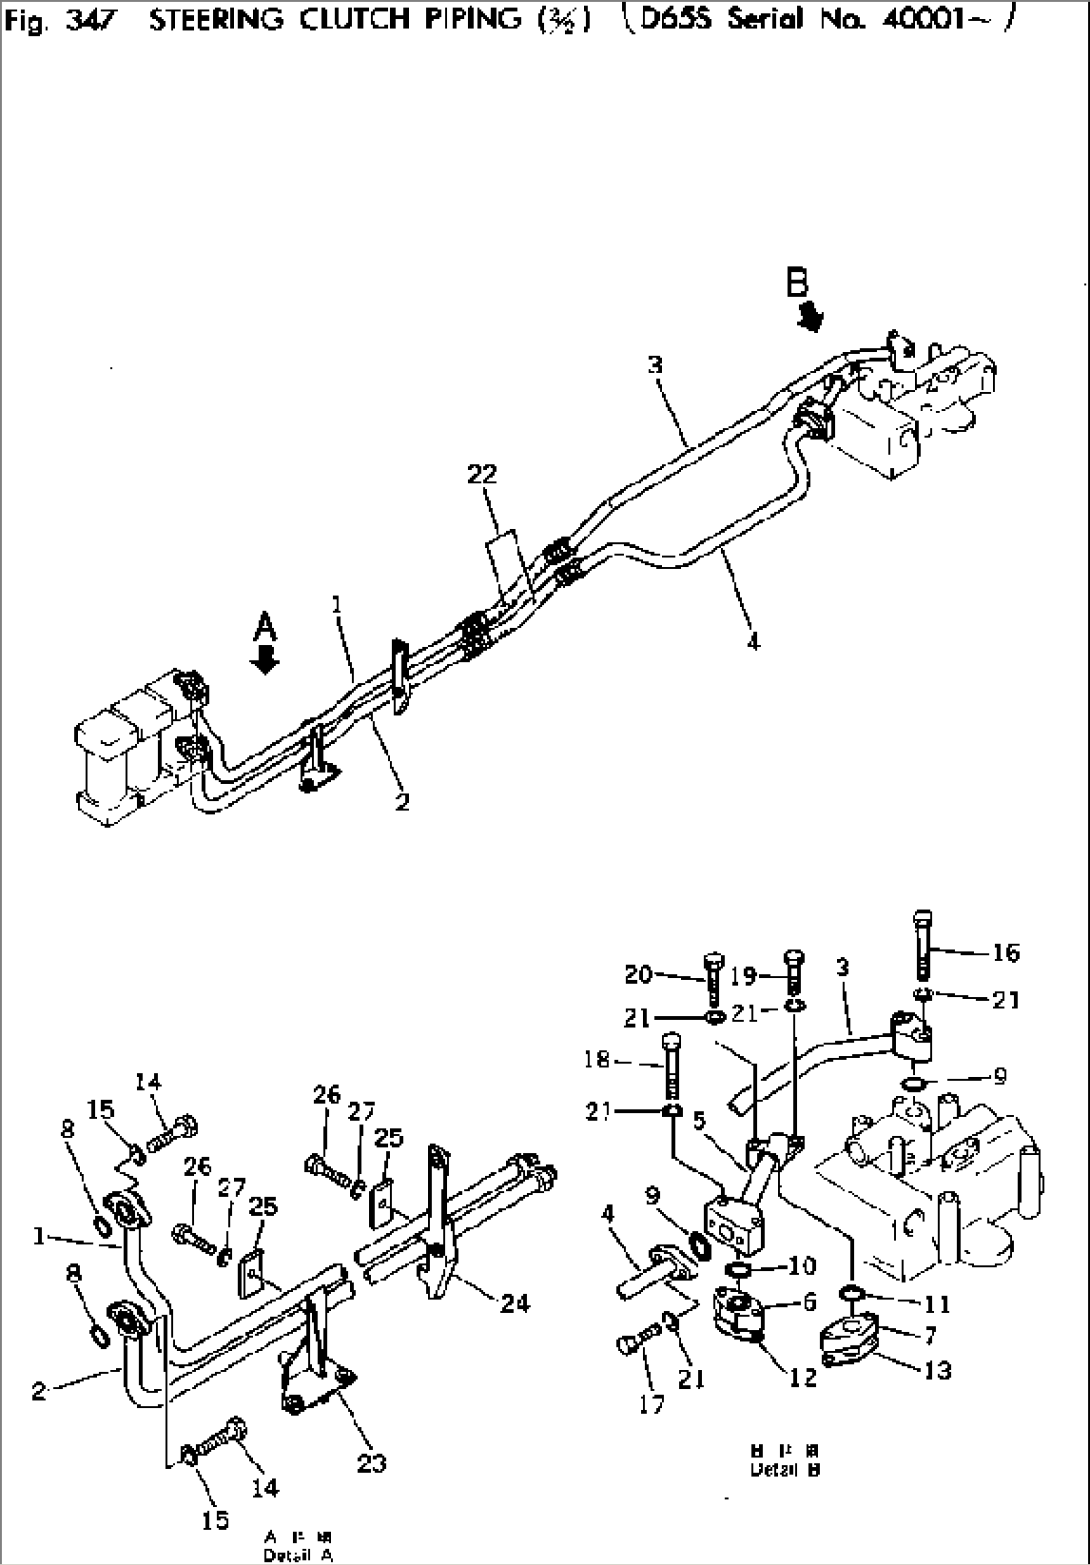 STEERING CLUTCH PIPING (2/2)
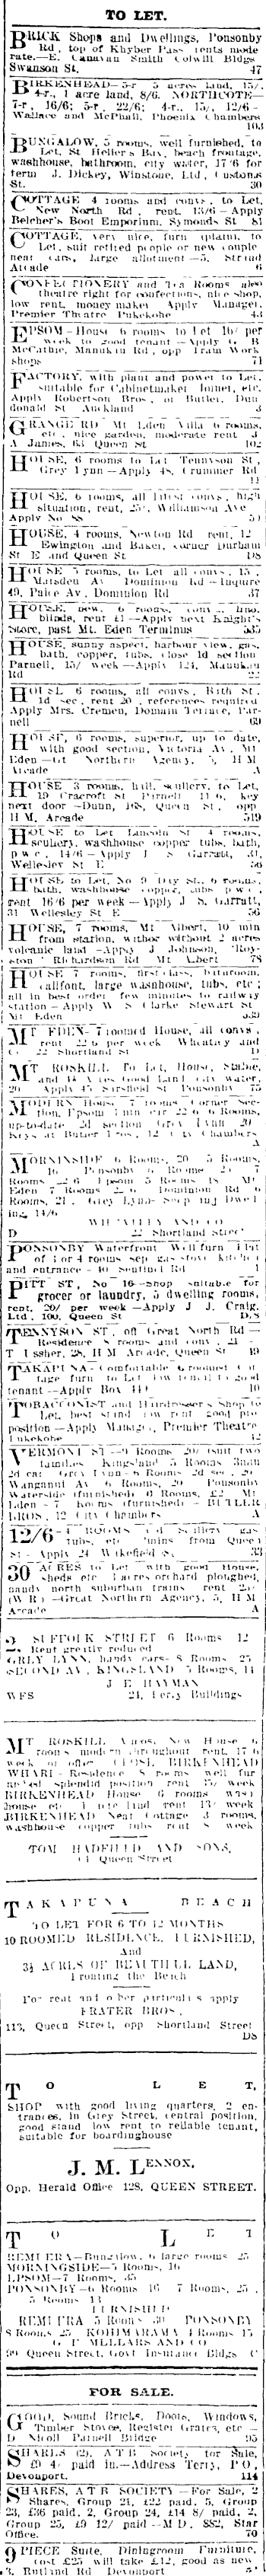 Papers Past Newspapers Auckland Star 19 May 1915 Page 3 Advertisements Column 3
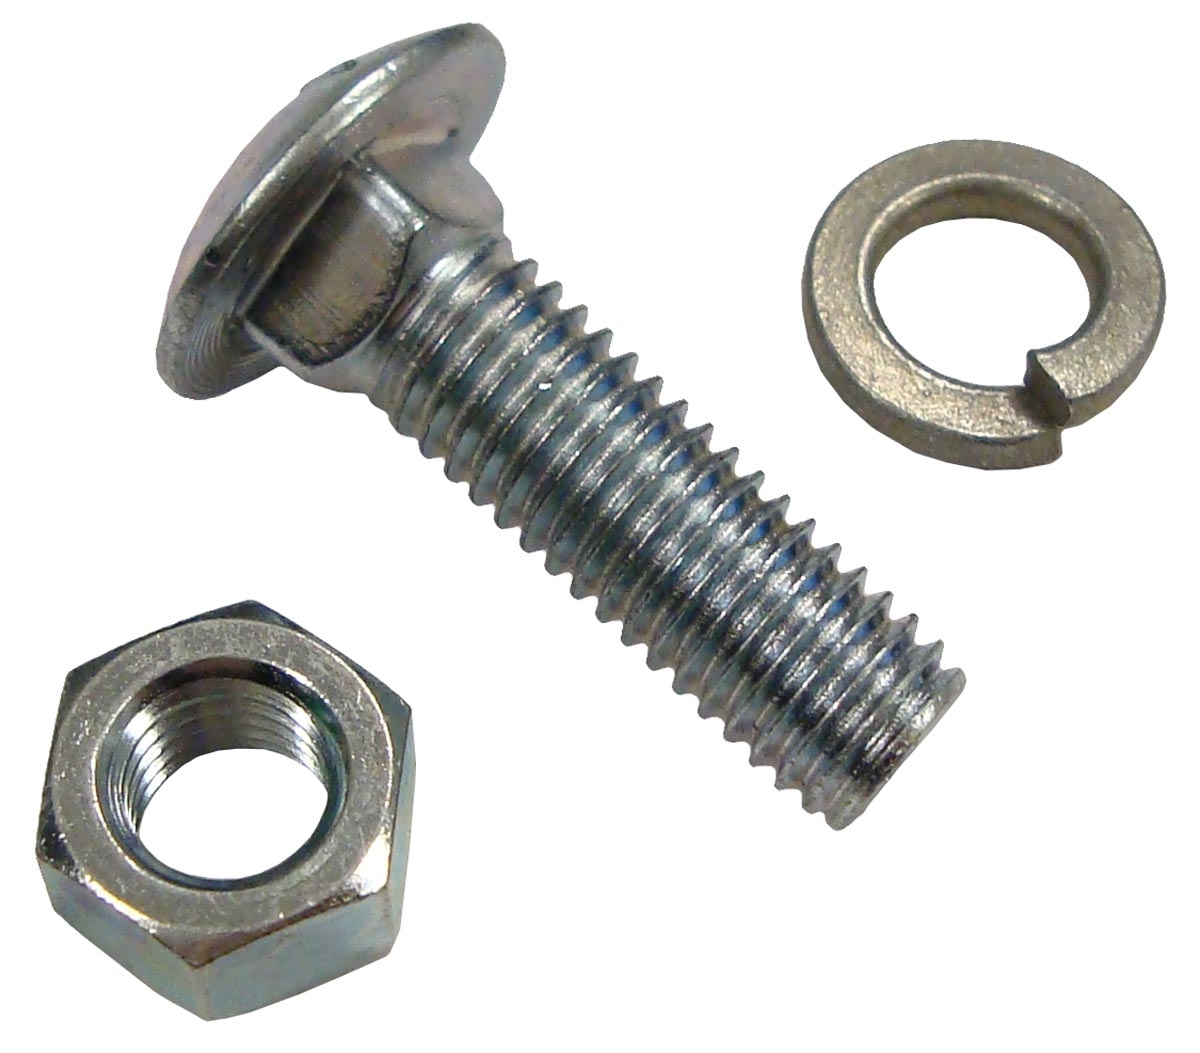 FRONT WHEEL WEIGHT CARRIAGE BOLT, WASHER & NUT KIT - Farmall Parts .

ACTIVITY
Working from the lines above, reproduce the material exactly and exclude its pictures.

ANSWER TO THIS TASK
 STEERING CLUTCH PIPING (2/2)
 Papers Past Newspapers Auckland Star 19 May 1915 Page 3 Advertisements Column 3
 FRONT WHEEL WEIGHT CARRIAGE BOLT, WASHER & NUT KIT - Farmall Parts .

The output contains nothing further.